To reduce the incidence of high myopia in young adults, an optical imaging tool has been developed to identify at-risk children to prevent sight-threatening complications later in their lives.

More than just an inconvenience that can be corrected with optical aids, childhood myopia that is left unchecked increases one’s risk of sight-threatening complications later in life.

To combat this, researchers at the Singapore Eye Research Institute (SERI) and the Singapore National Eye Centre (SNEC) have developed an imaging tool that can tell if a child is at risk of developing high myopia, defined as short-sightedness of above -5 dioptres, or 500 degrees.

The diagnostic tool, triple-input polarisation-sensitive optical coherence tomography (TRIPS-OCT), uses novel polarimetric detection to assist ophthalmologists when making treatment decisions. This enables them to identify the best time for at-risk children to receive intervention.

Professor Leopold Schmetterer (below), Head of Ocular Imaging, SERI, shared that myopiarelated complications are currently the main cause of blindness and low vision in Singapore.


Recent studies report that up to 30 per cent of highly myopic patients develop complications, such as myopic macular degeneration and optic neuropathy, which can lead to irreversible visual impairment. Yet, identifying this high-risk group remains a challenge in clinical settings, making it difficult to determine who requires urgent treatment, he said.

A ticking timebomb

Singapore’s myopia rate is among the highest in the world, with 65 per cent of children here becoming myopic by the age of 12, and 83 per cent of young adults are myopic. Recent studies estimate that one in five young adults has high myopia.

With these statistics, Prof Schmetterer said that it is essential to have a diagnostic tool capable of assessing the risk of high myopia. “There is an urgent need to address this issue because, while the majority of highly myopic patients are still young, it will become a major problem and cause of blindness in the future,” he said. “Such a tool would enable healthcare professionals to effectively stratify patients based on their risk levels.”

For example, if a child is identified as high risk for myopia, treatments such as topical low-dose atropine, orthokeratology or other approaches can be applied promptly. Low-risk individuals can be monitored without immediate intervention.

“TRIPS-OCT is particularly beneficial as it ensures that high-risk patients receive timely and appropriate treatment while also minimising unnecessary costs and interventions for those at risk. Given the widespread prevalence of myopia, the tool has the potential to significantly alleviate the overall burden associated with myopia vision care,” Prof Schmetterer added.

How it works

To predict high myopia, the imaging tool detects pathological changes in the sclera, the white part of the eyeball. The sclera is a dense, collagen-rich and mechanically strong tissue that coats the eyes and protects their internal structures.
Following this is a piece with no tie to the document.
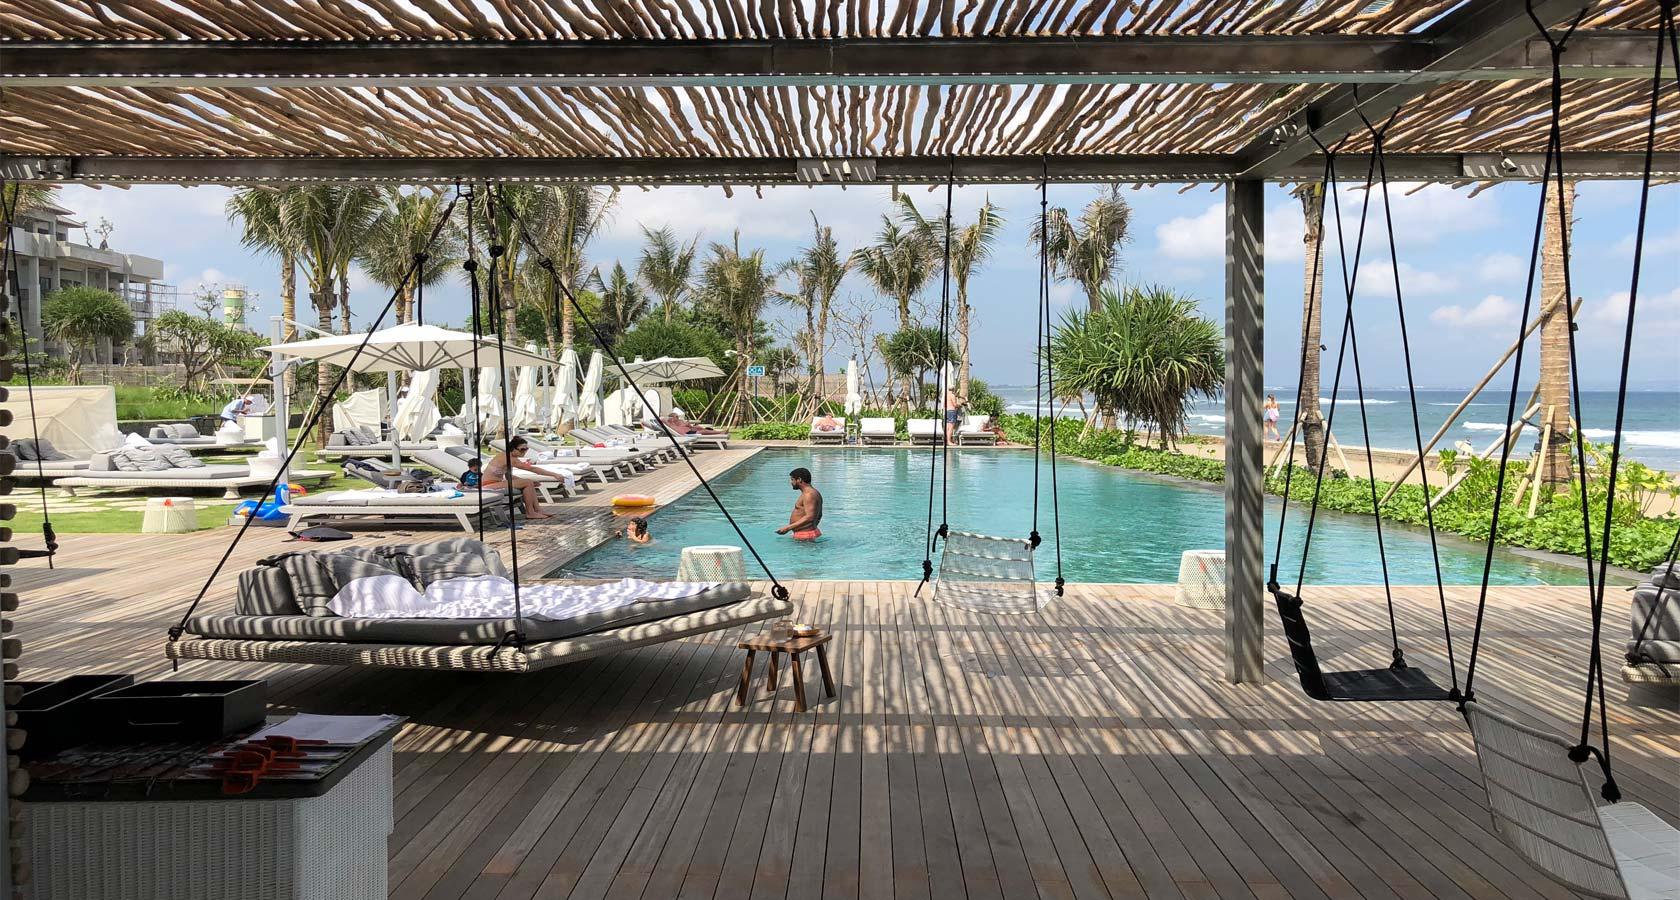 COMO UMA CANGGU pool by ocean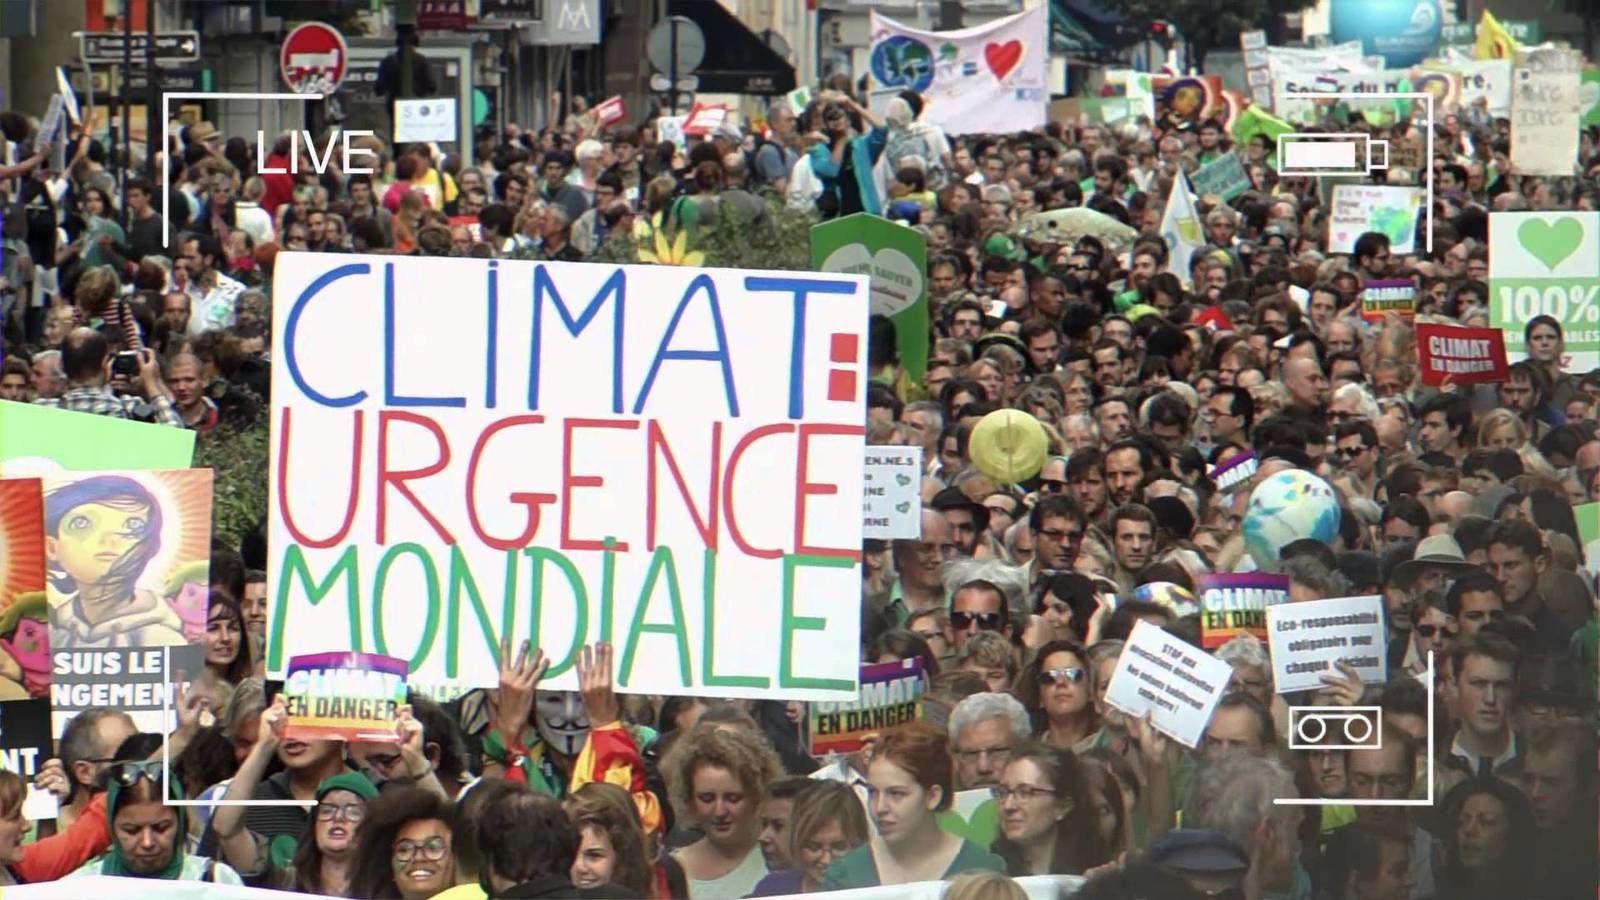 La Terre est l'urgence mondiale - parce que nous ne sommes pas des extraterrestres hors sol !

On why the sclera was chosen as a predictive biomarker, Dr Liu Xinyu (below), Senior Research Fellow, SERI, and Assistant Professor, Duke-NUS Medical School, shared that increasing evidence suggests the posterior sclera playing a vital role in the progression of myopia, but there is currently no known method to inspect this part of the eye. The research team has successfully developed a rapid and non-invasive imaging technology, the TRIPS-OCT, which enables ophthalmologists to safely identify at-risk children.


“Sclera ultimately determines the elongation of the eye, which is the cause of myopia. While there are other biomarkers to consider — such as axial length, refractive error, parental history of myopia, and genetic factors — the medical imaging of sclera is the most direct and significant biomarker from a pathological perspective,” Dr Liu said.

Initial results of the study, published in Nature Biomedical Engineering in June 2023, reported an accuracy of 85–90 per cent. For longer term results, the researchers will start longitudinal studies among two cohorts of children — aged 6–8 years and 11–13 years respectively — for two years. The researchers are also currently developing techniques to enhance the imaging performance of the tool, Dr Liu shared.

According to SNEC, there is potential for the tool to be implemented in primary care settings, such as consultations with optometrists and general practitioners, who can then provide further advice for a referral to a specialist if necessary.

Tips to keep myopia at bay

  • Having good eye-care habits from a young age can help children maintain healthy eyesight:
  • Encourage outdoor activities and play daily. For example, playing ball games outdoors or spending time exploring nature lets the eyes focus on a wide range of near and far objects.
  • Plan a daily home schedule for your child so that there is time — around one to two hours — allocated for outdoor activities.
  • Avoid or reduce screen time exposure, which increases myopia risk. Try audio books if your child is an avid reader.
  • Take frequent eye breaks from near work. Do this by looking out of the window into the distance every 20–30 minutes.
  • Read with good or natural lighting (near a window, for example).
  • Refrain from lying down to read or reading in moving vehicles.